Oxford University Clinical Research Unit, Centre for Tropical Medicine, Ho Chi Minh City, Vietnam
Title of the talk: Whole genome sequencing reveals limited contribution of non-intensive chicken farming to extended-spectrum beta-lactamase producing Escherichia coli colonization in humans in southern Vietnam
Overuse of antimicrobials in agriculture in Asia has been reported, but the risk of acquisition of extended-spectrum beta-lactamase (ESBLs) in humans through non-intensive chicken farming still remains unclear. We collected faecal samples from 204 randomly selected farmers and their chickens, and from 306 community-based individuals who did not raise poultry in Vietnam. Whole genome sequencing was employed to examine genomic relatedness of ESBL-Ec colonizing chickens and humans in Vietnam. The prevalence of ESBL-Ec colonization was 20.0% in chicken farms, 31.1% in chicken farmers, 49.5% in rural individuals and 38.3% in urban individuals. Multivariable analysis showed that colonization with ESBL-Ec in humans was associated with human usage of antimicrobial drugs (OR=2.52, 95%CI=1.08–5.87). Whole-genome sequencing revealed that CTX-M genes were the most predominant ESBL genes, found in 468/486 (96.2%) of ESBL-Ec isolates. However, the distribution of CTX-M genes across chicken and human isolates was different. CTX-M-55 was identified as the most common ESBL-encoding gene in chicken isolates (72.1% versus 12.9% in human isolates, p<0.001), whilst CTX-M-27 was more prevalent in human isolates (44.2% versus 7.0% in chicken isolates; p<0.001). On 16/204 farms (6.9%; 95%CI=3.4–10.3%) ESBL-Ec were detected phenotypically in both the farmers and their chickens.
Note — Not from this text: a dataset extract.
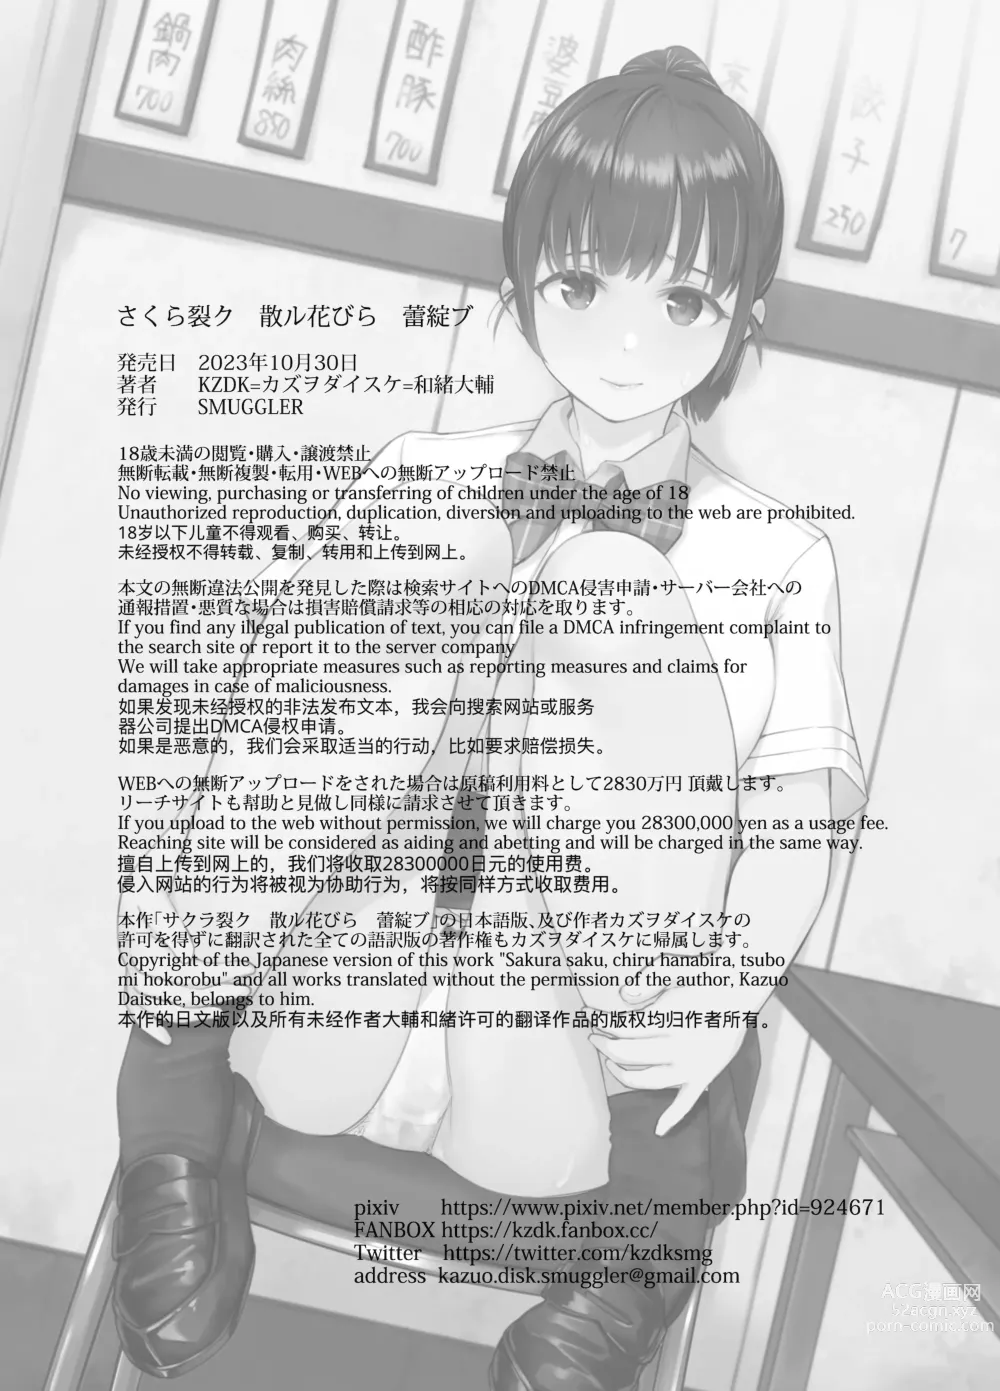 Page 39 of doujinshi Sakura Saku Chiru Hanabira Tsubomi Hokorobibu ~Ossan no Nikutsubo e to Ochi Hateta Saiai no Osananajimi Yoshioka Mio~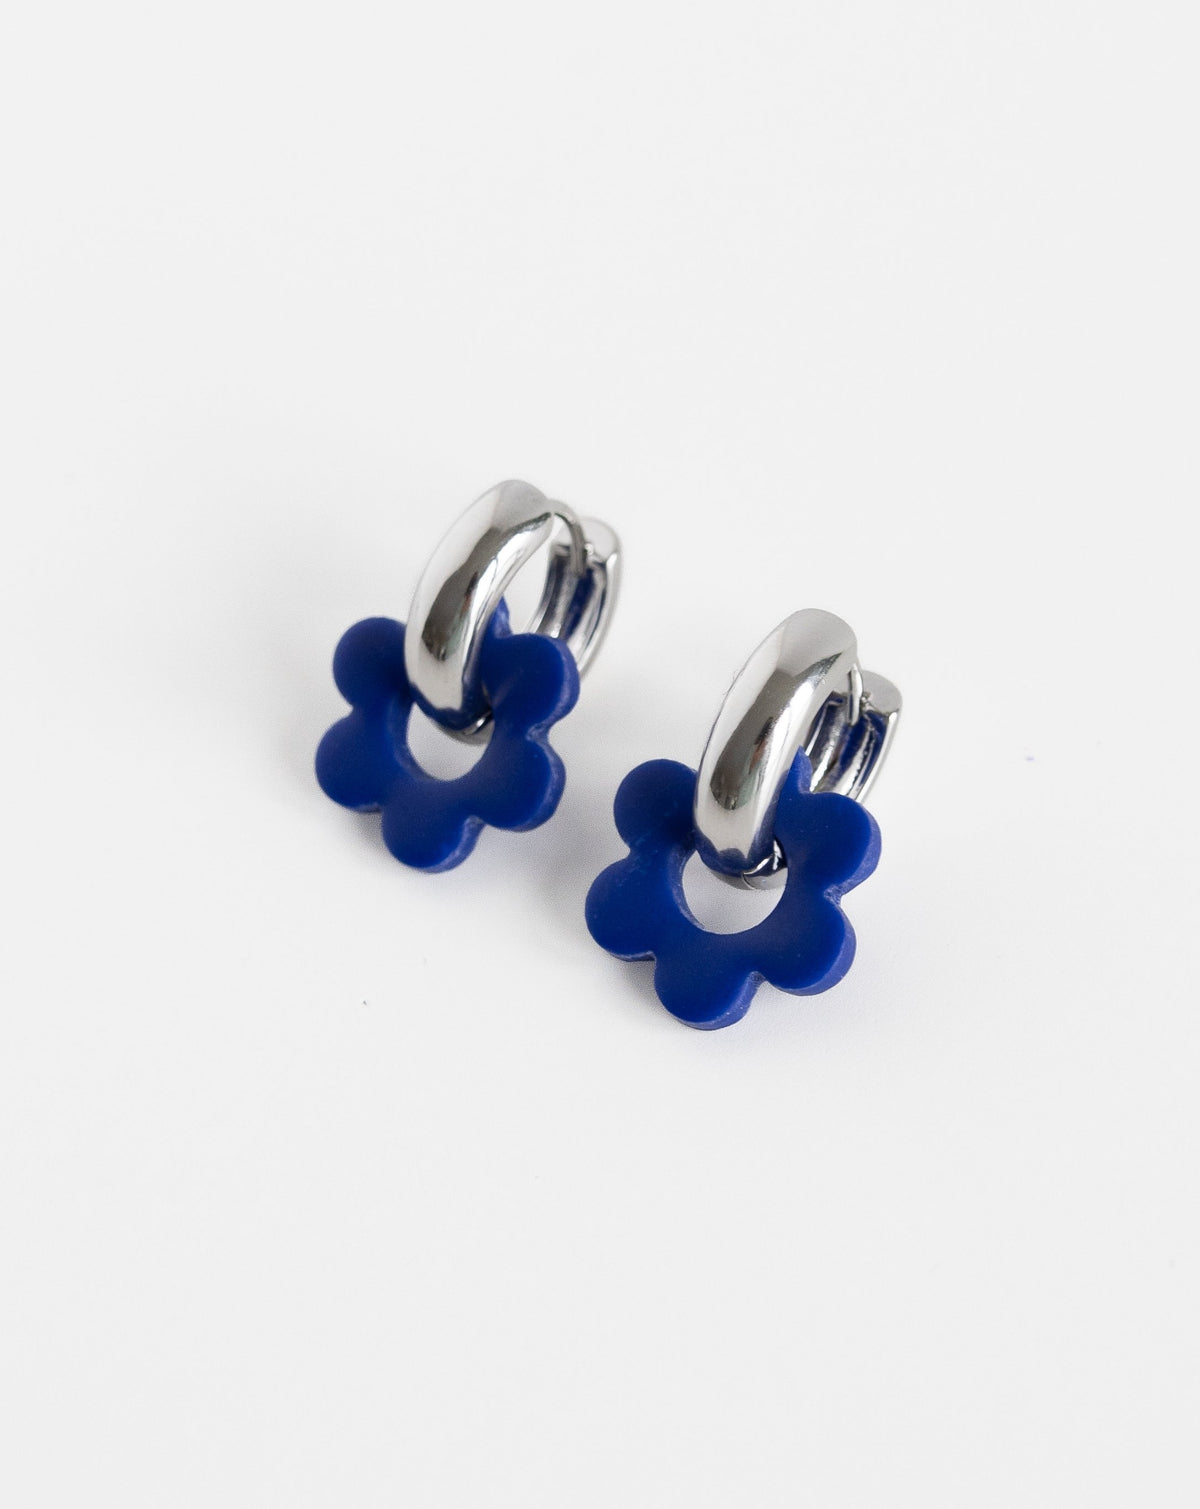 hue blue color Goli Bold earrings in silver hoops

On 3/204 farms (1.5%; 95%CI=0–3.1%), ESBL genes of ESBL-Ec isolated from the farmers and their chickens were identical. However, we detected identical sequence types of ESBL-Ec between chicken and farmer isolates in only one farm. Isolates also revealed 1 pairwise SNP distance based on core gene alignment, indicating potential sharing of ESBL-Ec between the chickens and farmer on that farm. The findings suggest that non-intensive chicken farming is not a major source of ESBL-Ec colonization in humans and human antimicrobial drug usage appears to be an important driver of ESBL-Ec colonization in humans in Vietnam.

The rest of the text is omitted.